Matthew McCullum era marino en un barco portugués que hacía la ruta de África, desde Cabo Verde a Lisboa, trasladando esclavos negros. Una tormenta encalló la nave y murieron muchos de los que en ella iban. Matthew siempre fue un joven con recursos y muy buen nadador. En medio de la zozobra, tuvo tiempo de coger una caja llena de oro y buceó sin esfuerzo hasta la costa. Hizo caso omiso de los gritos de socorro de sus compañeros y escondiéndose de todos inició a pie un largo camino que le llevó varias semanas completar hasta el puerto de Palos, nombre que conocía por la gesta de Cristóbal Colón. Había escuchado que en esa tierra había posibilidades, esperaba encontrar un futuro mejor

que cuidador de un barco negrero.
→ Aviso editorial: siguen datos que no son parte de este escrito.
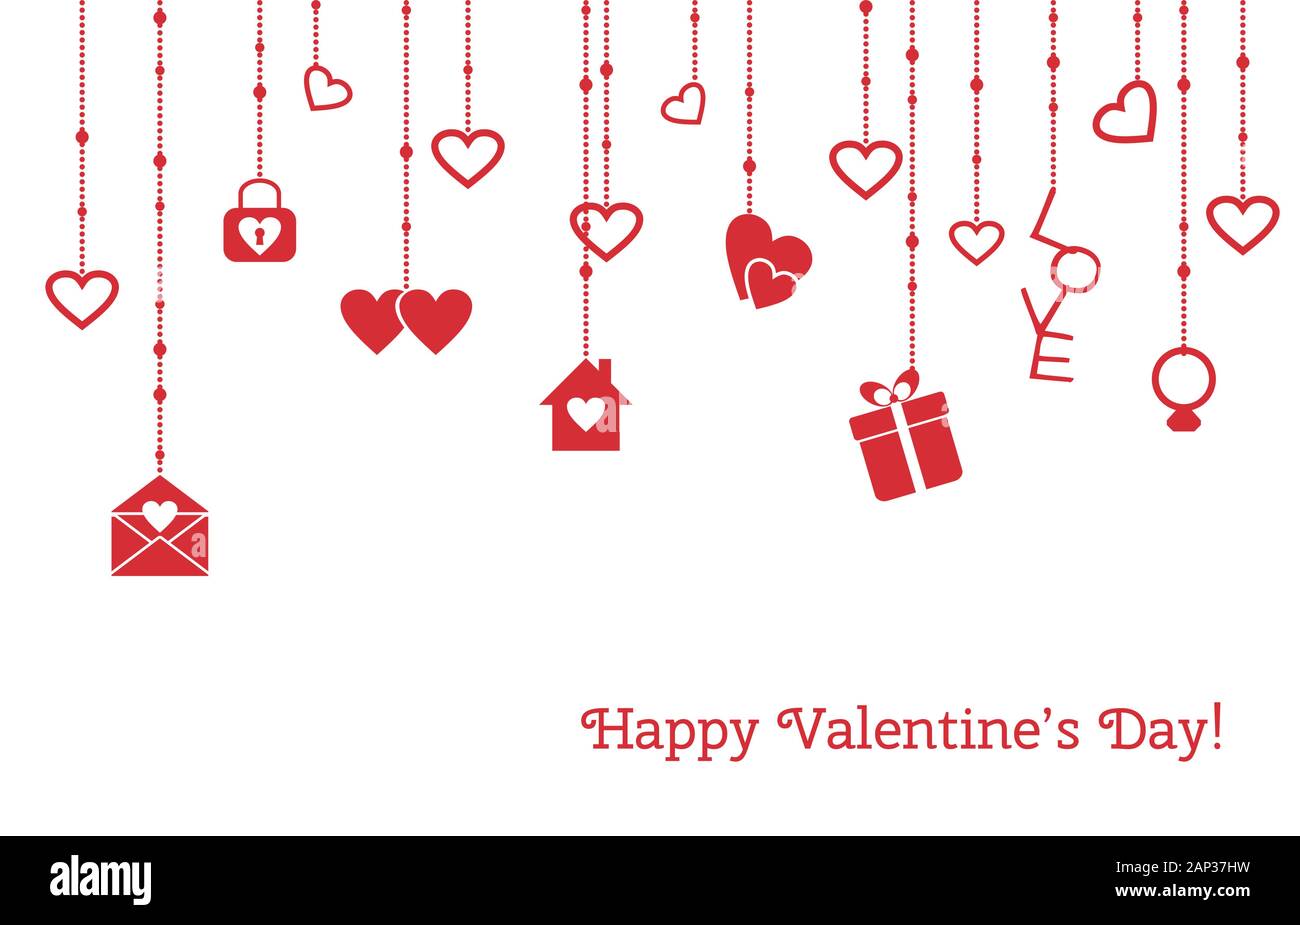 Grußkarte für Valentines Tag mit hängenden Herzen, Geschenke Stock Vektor
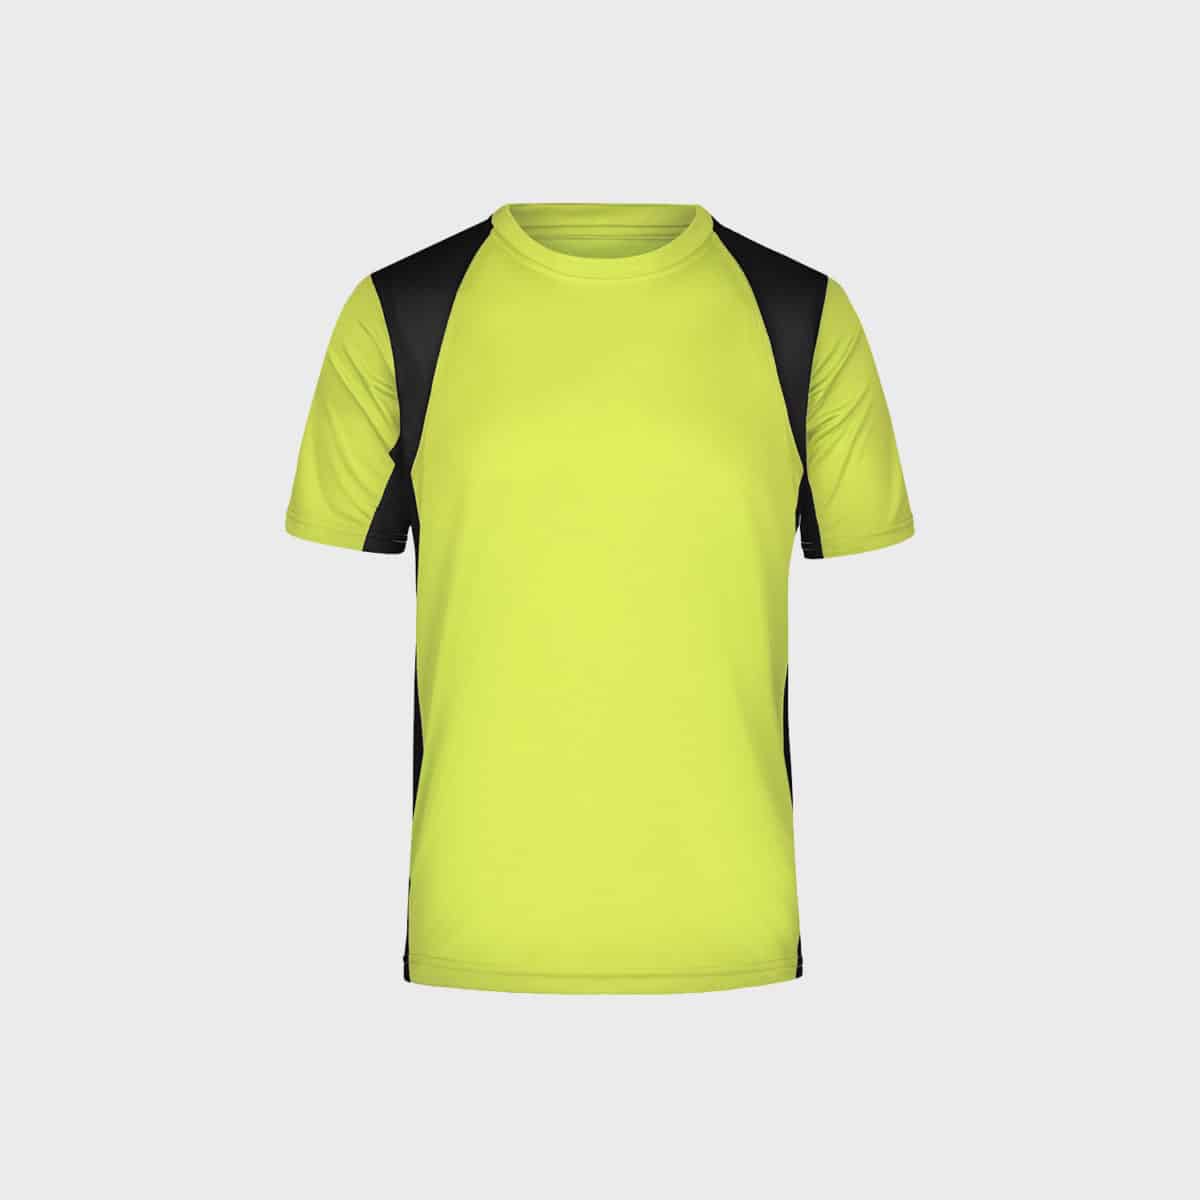 funktions-running-sport-t-shirt-herren-fluo-yellow-black-kaufen-besticken_stickmanufaktur

Estaba harto de pobres diablos que vomitaban, se quejaban y se morían delante de sus narices en las duras travesías que los llevaban hasta Lisboa. Tenía ganas de irse de Portugal, no le gustaban los portugueses. Su barco hacía una y otra vez la travesía que unía las Islas de Cabo Verde, donde se concentraba el mayor mercado de esclavos, con Lisboa. En las islas los grandes señores del tráfico de seres humanos compraban la mercancía y después la distribuían por todo Occidente. Los esclavos eran para el servicio doméstico; por eso, intentaban que su estado físico no estuviera muy deteriorado. Muchas veces los negros intentaban protestar, escaparse, rebelarse y la labor de Matthew era que no lo consiguieran. A pesar de estar atados, con collares en cuello y piernas, tenían tanta fuerza que cuando se ponían violentos era complicado tranquilizarlos. Las travesías eran muy duras. Pasaban semanas encerrados, enjaulados en las bodegas de los barcos, sin apenas comida ni agua. En fin, que ya le habían roto un brazo, la nariz y casi pierde una pierna por una herida que se le infectó. Era muy joven para morir a manos de cualquier apestoso negro. Quería prosperar, casarse y montar un negocio. Nada de esclavos. No quería volver a ver ninguno. Si seguía con los portugueses, sabía el final que le esperaba; un día, alguna de esas fieras lo mataría, le aplastaría la cabeza en el suelo de la bodega, un charco de sangre que sus compañeros limpiarían con pocas ganas y riéndose de él. ¡Pobre diablo muerto!

Sus esperanzas estaban puestas en una caja que el capitán tenía en su camarote. Una caja llena de oro. Había soñado muchas noches con robarla. Era de madera, vieja y agrietada, el oro estaba en su interior. Eran los ahorros acumulados en toda su larga vida como capitán. La mayor parte de su salario se lo gastaba en vino y putas en cuanto tomaba tierra en Lisboa; pero una parte la guardaba para cuando decidiera hacer su último viaje. El hombre contaba a quien quisiera oírlo, en esas largas noches en alta mar, que, cuando llegara el momento, iba a comprarse una granja y pasaría su vejez lejos, lo más lejos posible del mar. Guardaba la caja bajo unos tablones de su camarote y para que no pudieran abrirlos con facilidad tenía encima la pesada mesa donde escribía el diario de abordo. Matthew lo vio un día mover la mesa y contar el dinero. Desde ese momento, sabía que lo iba a robar.